Work request:
Each line from the one containing "Вкосмос запустят целую" through the last line of the data below should be printed exactly, please, with any pictures omitted.

Dataset extract:

┌──

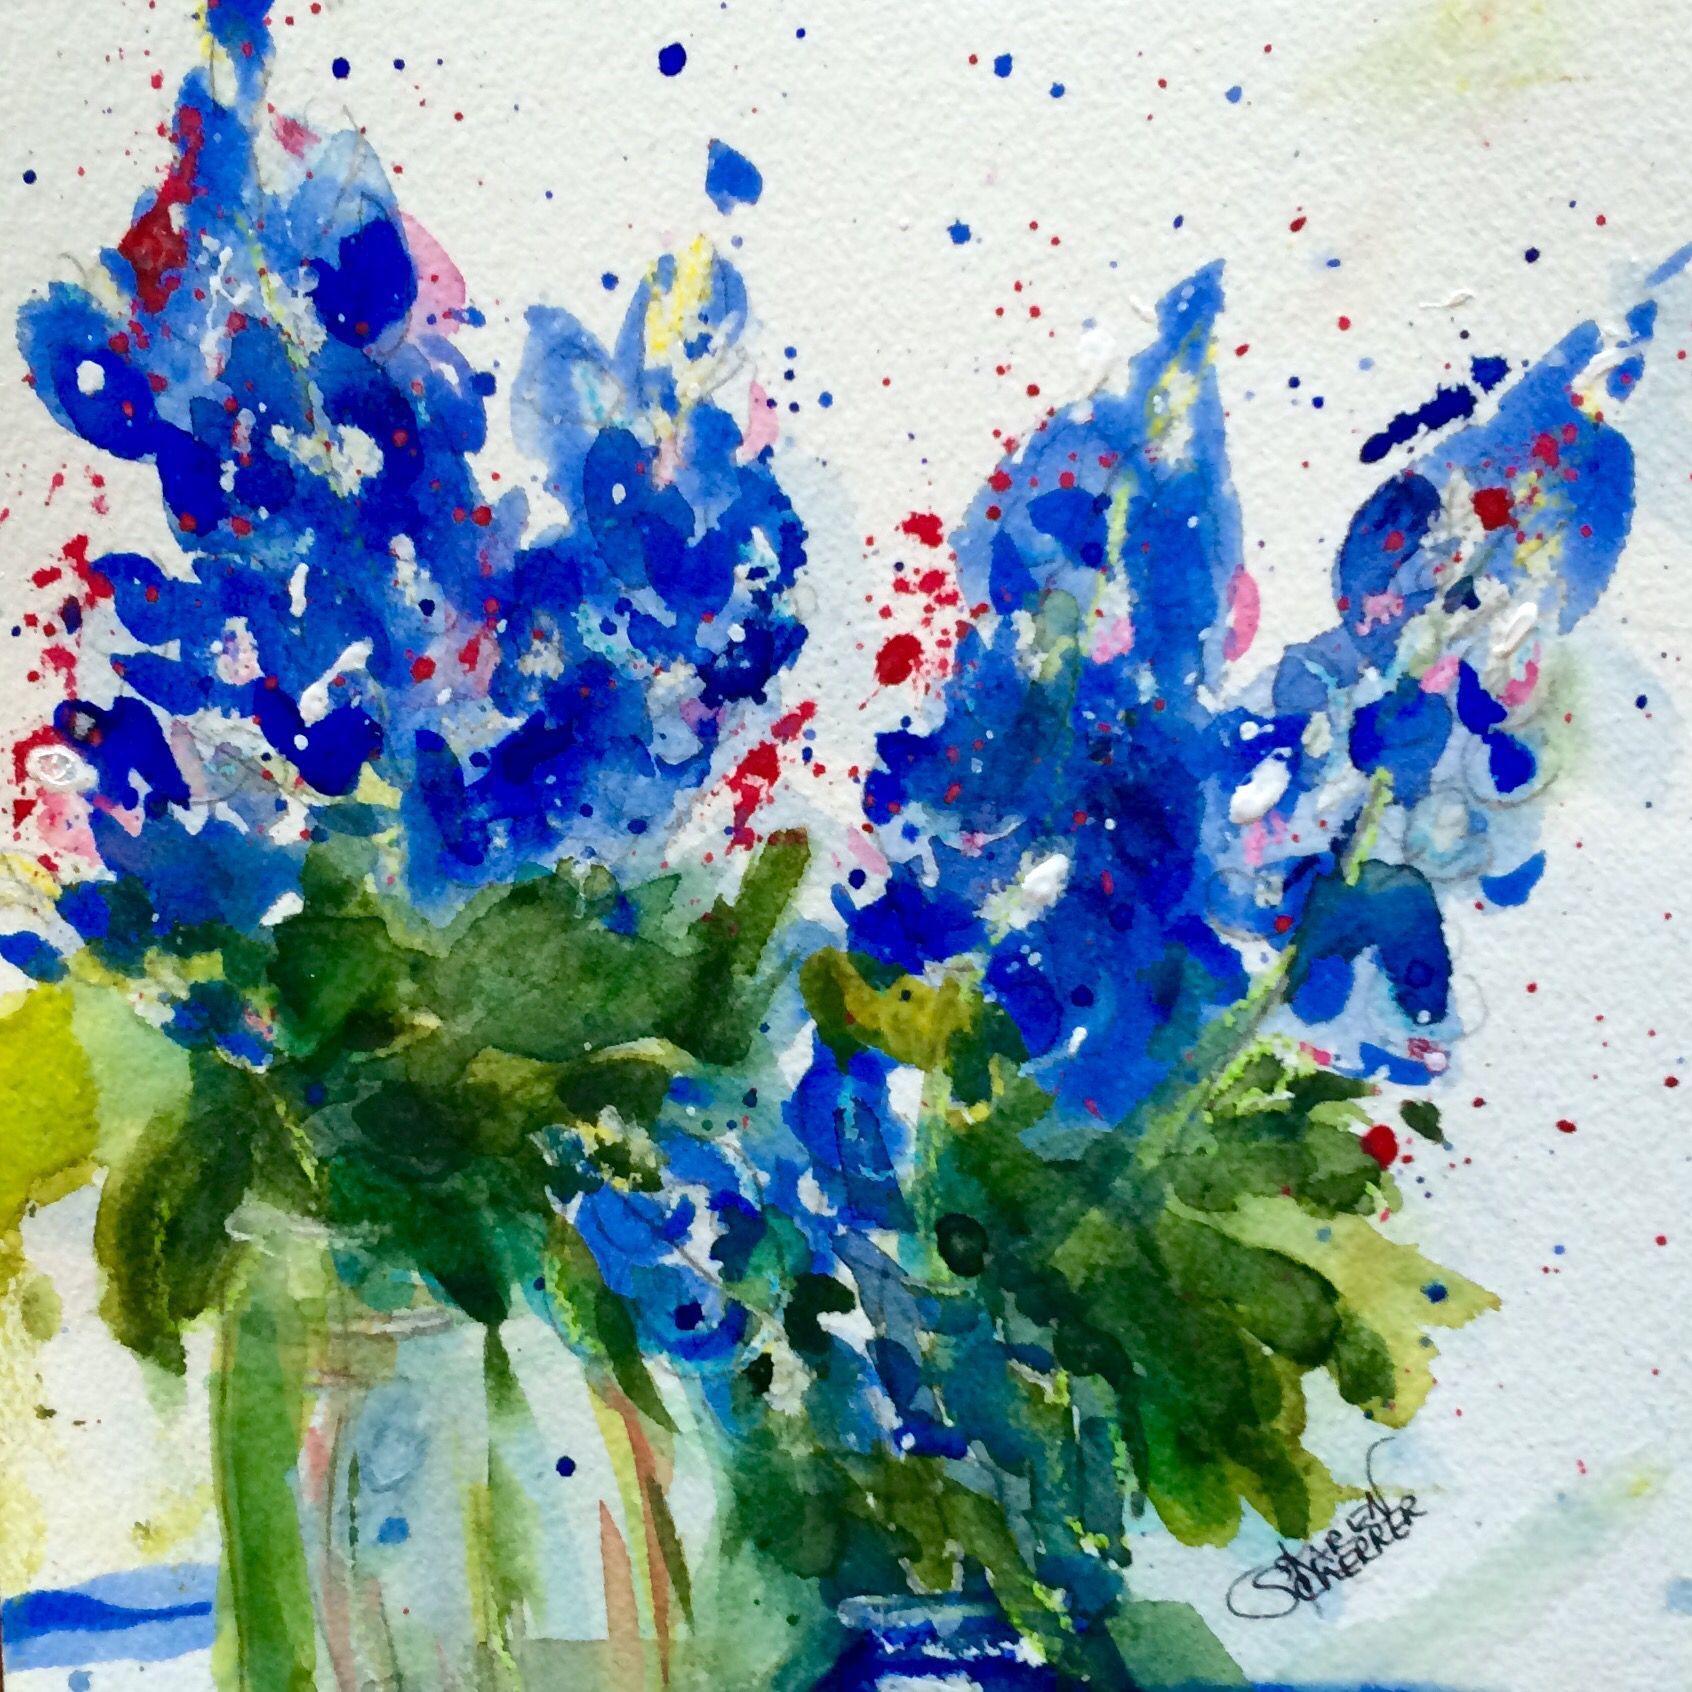 Watercolor artist in texas -  Bluebonnets In Jars By Texas Watercolor Artist Karen Scherrer
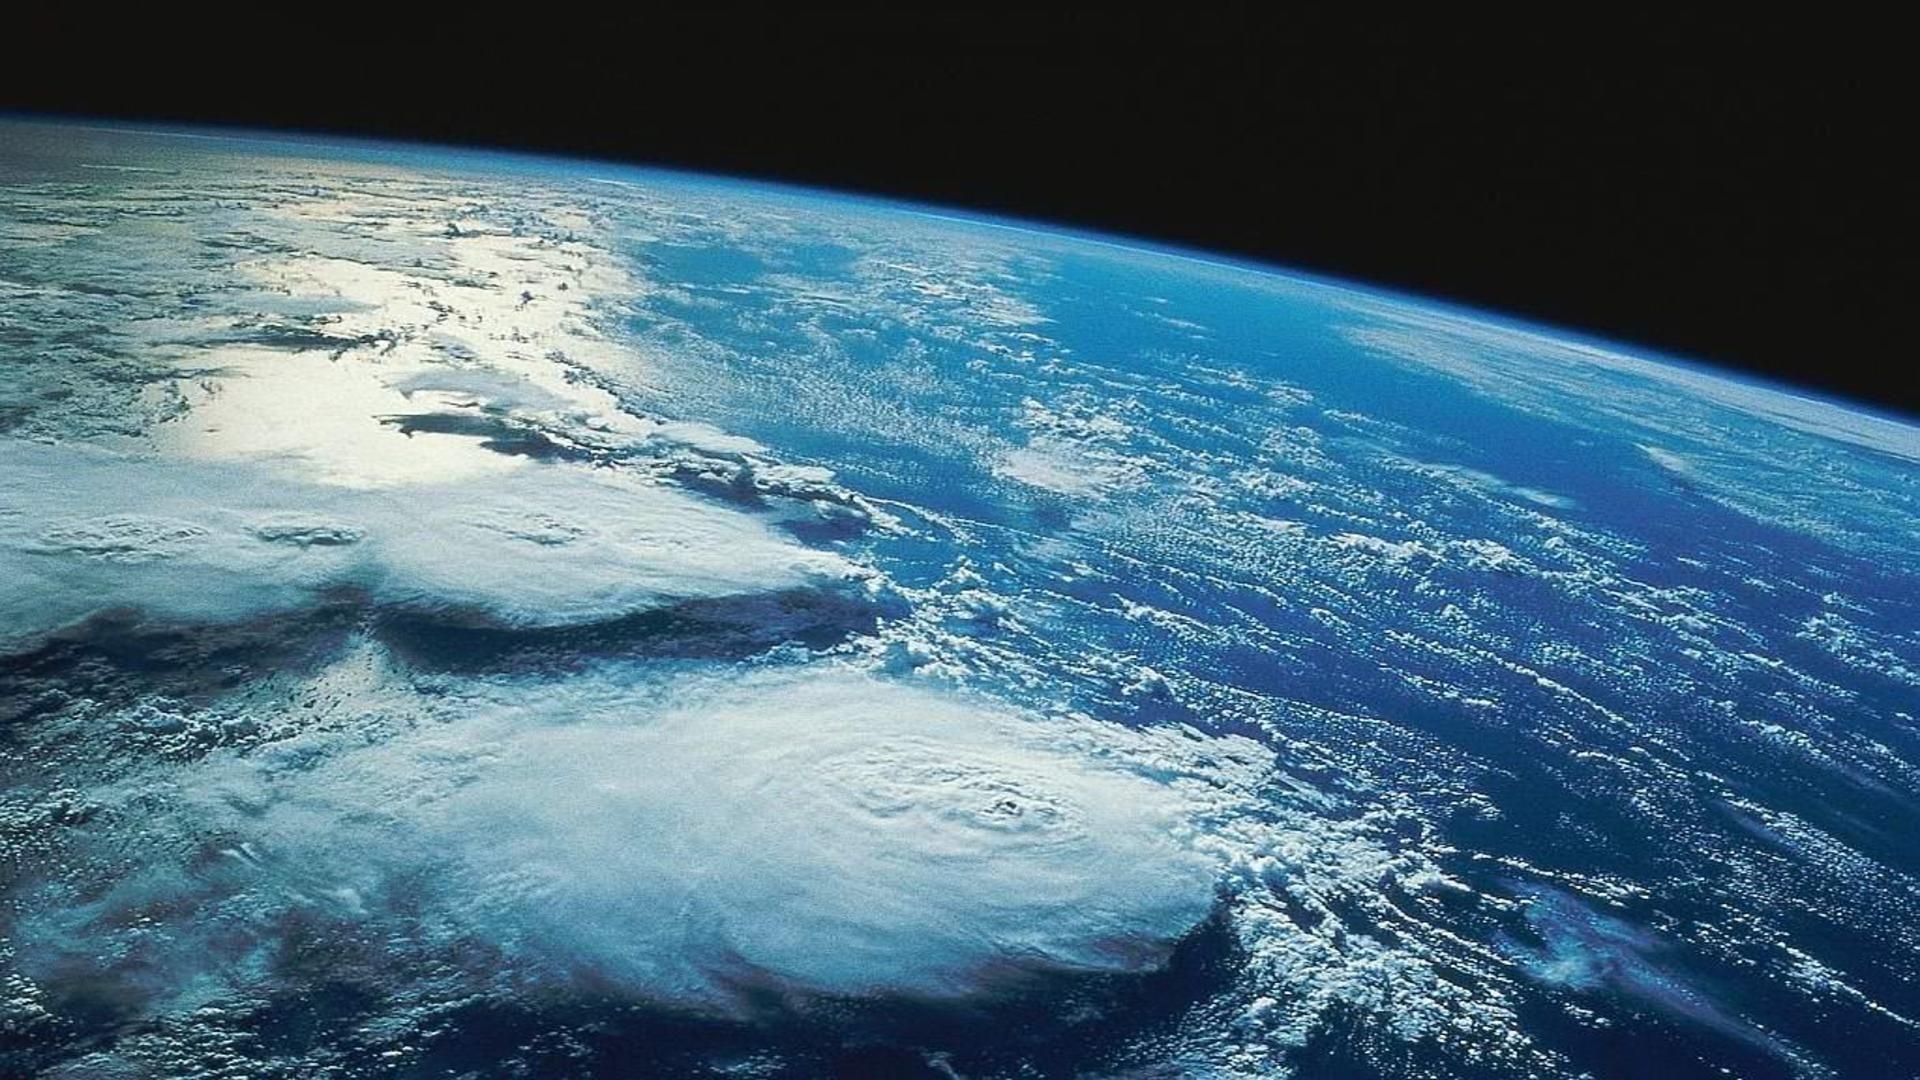 Вкосмос запустят целую серию малых спутников для помощи сельскому хозяйству— Ученые
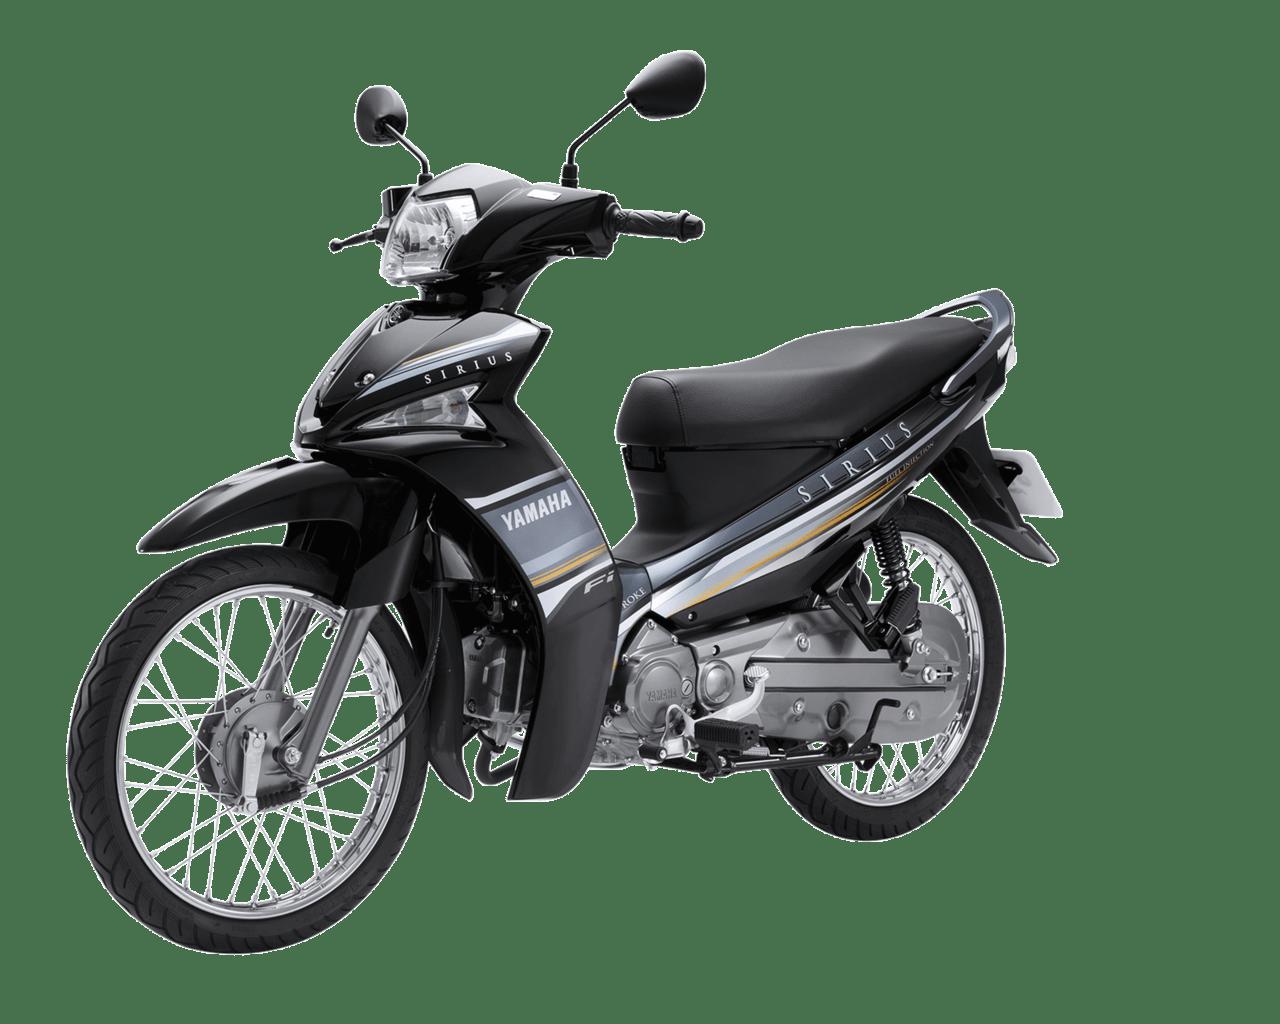 Yamaha Sirius FI phanh cơ

└──

Exercise result:
 Вкосмос запустят целую серию малых спутников для помощи сельскому хозяйству— Ученые
 Yamaha Sirius FI phanh cơ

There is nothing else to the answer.